1972年式 スズキ フロンテクーペGX
「クラシックカーって実際に運転してみると、どうなの……?」という疑問にお答えするべくスタートした、クラシック/ヤングタイマーのクルマを対象とするテストドライブ企画「旧車ソムリエ」。今回は、軽自動車初の本格的スポーツカーとして知られるスズキ「フロンテクーペ」を主役に選び、そのモデル概要とドライブインプレッションをお届けします。

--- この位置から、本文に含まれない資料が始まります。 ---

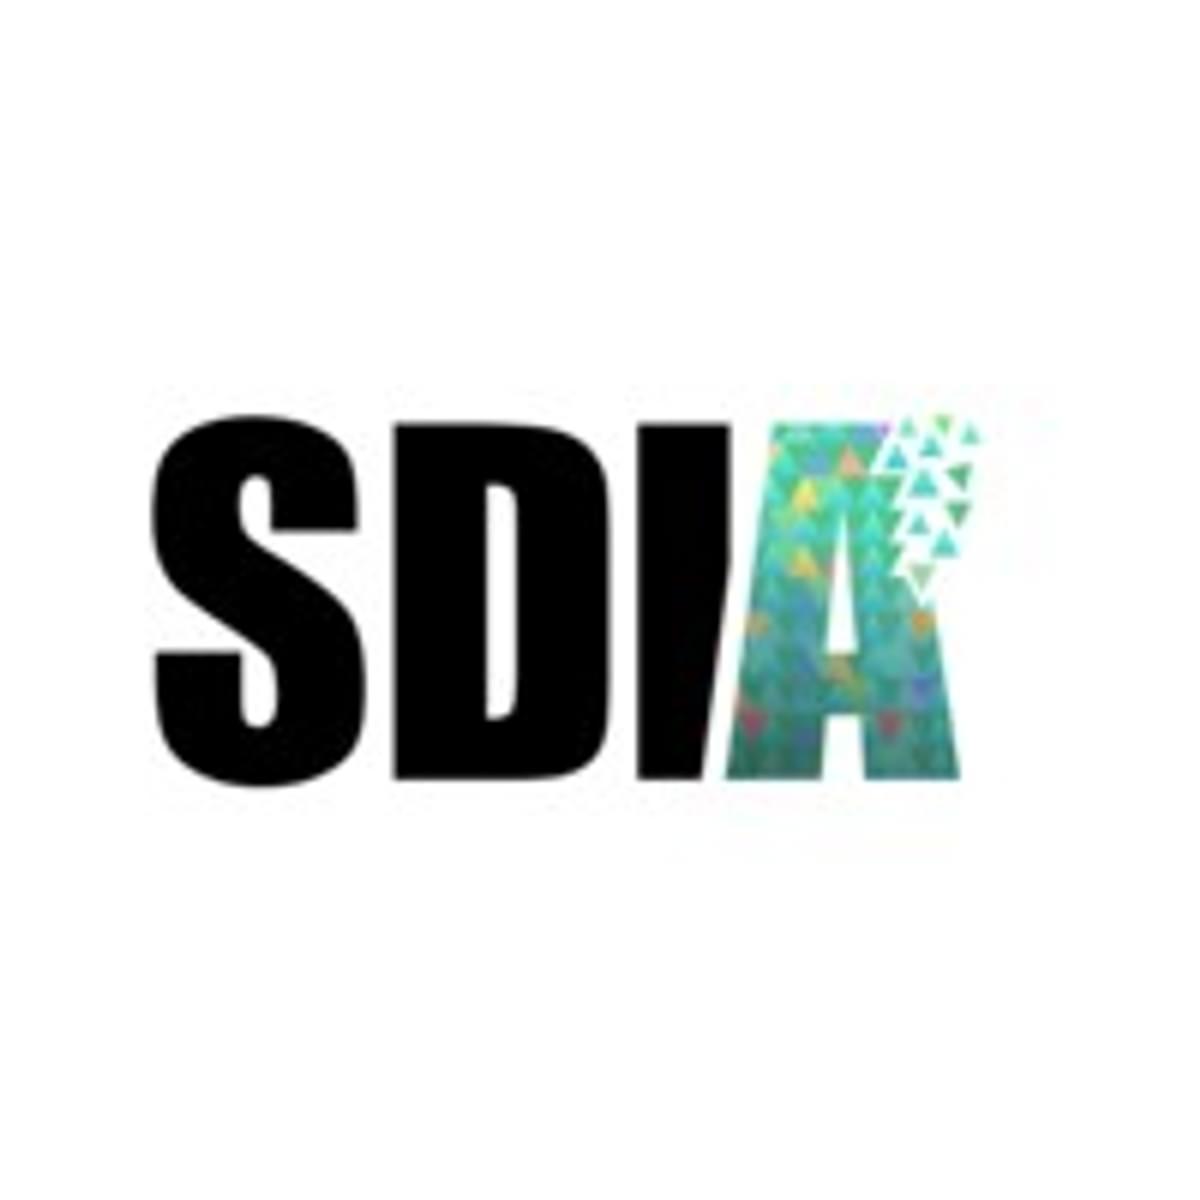 SDIA stelt Daan Terpstra aan als nieuwe CEO image

群雄割拠の360cc軽自動車たちとは一線を画したスポーツカー
1967年にホンダが31psを標榜する「N360」を発売して以来、日本の軽自動車業界は「パワーウォーズ」に突入。「スバル360 ヤングSS」やホンダ「N360T」系、鈴木自動車(現スズキ)「フロンテSS」など、リッターあたり100psに相当するモデルが続々と出現したうえに、ダイハツ「フェローMAX SS」では40psをマークするまでに至った。
そして、ホンダが次なる矢として1969年10月に個性的なクーペボディを持つ「Z360」を登場させると、三菱も同年の東京モーターショーに出品させた「ミニカ スキッパー」を1971年5月から正式発売。さらにダイハツも1971年8月から「フェローMAXハードトップ」を投入するなど、軽自動車界ではスペシャリティクーペが一大勢力を築いてゆくことになった。
そんな中にあって、鈴木自動車が1971年9月に正式リリースした「フロンテクーペ」は、デビュー当初「ふたりだけのクーペ」というキャッチフレーズとともに、2シーターのみのラインアップとした。しかも、競技用のパーツも純正オプションとして多数用意されたことから、軽自動車では初となる「本格派スポーツカー」としてのキャラクターが前面に押し出されることになったとされている。
ジウジアーロと鈴木自動車デザインチームの「合作」
そんなフロンテクーペにおける最大の特徴は、巷では「ジウジアーロのデザイン」といわれるスタイリッシュなクーペボディだろう。
「ベルトーネ」および「ギア」でキャリアを築き上げ、現在では巨匠として知られるジョルジェット・ジウジアーロ氏が独立ののち興した「イタルデザイン」社と、鈴木自動車の協業の第1作となったのが、1969年から市販に入った軽商用バン「キャリイ」(L40型)である。またジウジアーロはそのかたわらで、本人いわく「より大きなクルマの縮小コピーに過ぎなかった従来の日本のマイクロカーに変革をもたらす」ことを目的とした、極めてスタイリッシュなコンセプトを鈴木自動車に提唱していた。
それはL40と同じく、ミニマリズム的に簡潔な面構成で仕立てた2ドアのファストバック型セダン。ところが、このイタルデザインのプロポーザル案は時代を先取りし過ぎていると判断されたことから、あくまで「原案」に留められ、鈴木自動車内のデザインチームによってスポーツモデルへと方針転換。設計部門所属の若手デザイナー、内藤安弘氏がより低いスポーツカースタイルへと大幅に手直ししたものを最終デザインとして採用した結果、「フロンテクーペ」として市販されたとのことである。
水冷2ストローク3気筒のエンジンをリアに置き、後輪を駆動するというRRレイアウトは同時代のセダン版「フロンテ」と共通。パワーは当初37ps(JIS)とされたが、のちに34psおよび31psの廉価バージョンも設定されたとのことである。
また、2シーター単一の体制が当時の国内マーケットには受け入れられなかったことから、デビューから5カ月後の1972年2月には2+2版が追加され、早々に主力となってゆく。
そして、1975年に軽自動車の規格が変更された際には、拡幅したボディに550ccのエンジンを載せた初代「セルボ」として翌1976年6月に再デビューを図ったものの、フロンテクーペが純粋なマイクロスポーツだったのに対し、後継のセルボは、主に女性ユーザーをターゲットとしたパーソナルクーペへと路線変更されていたという。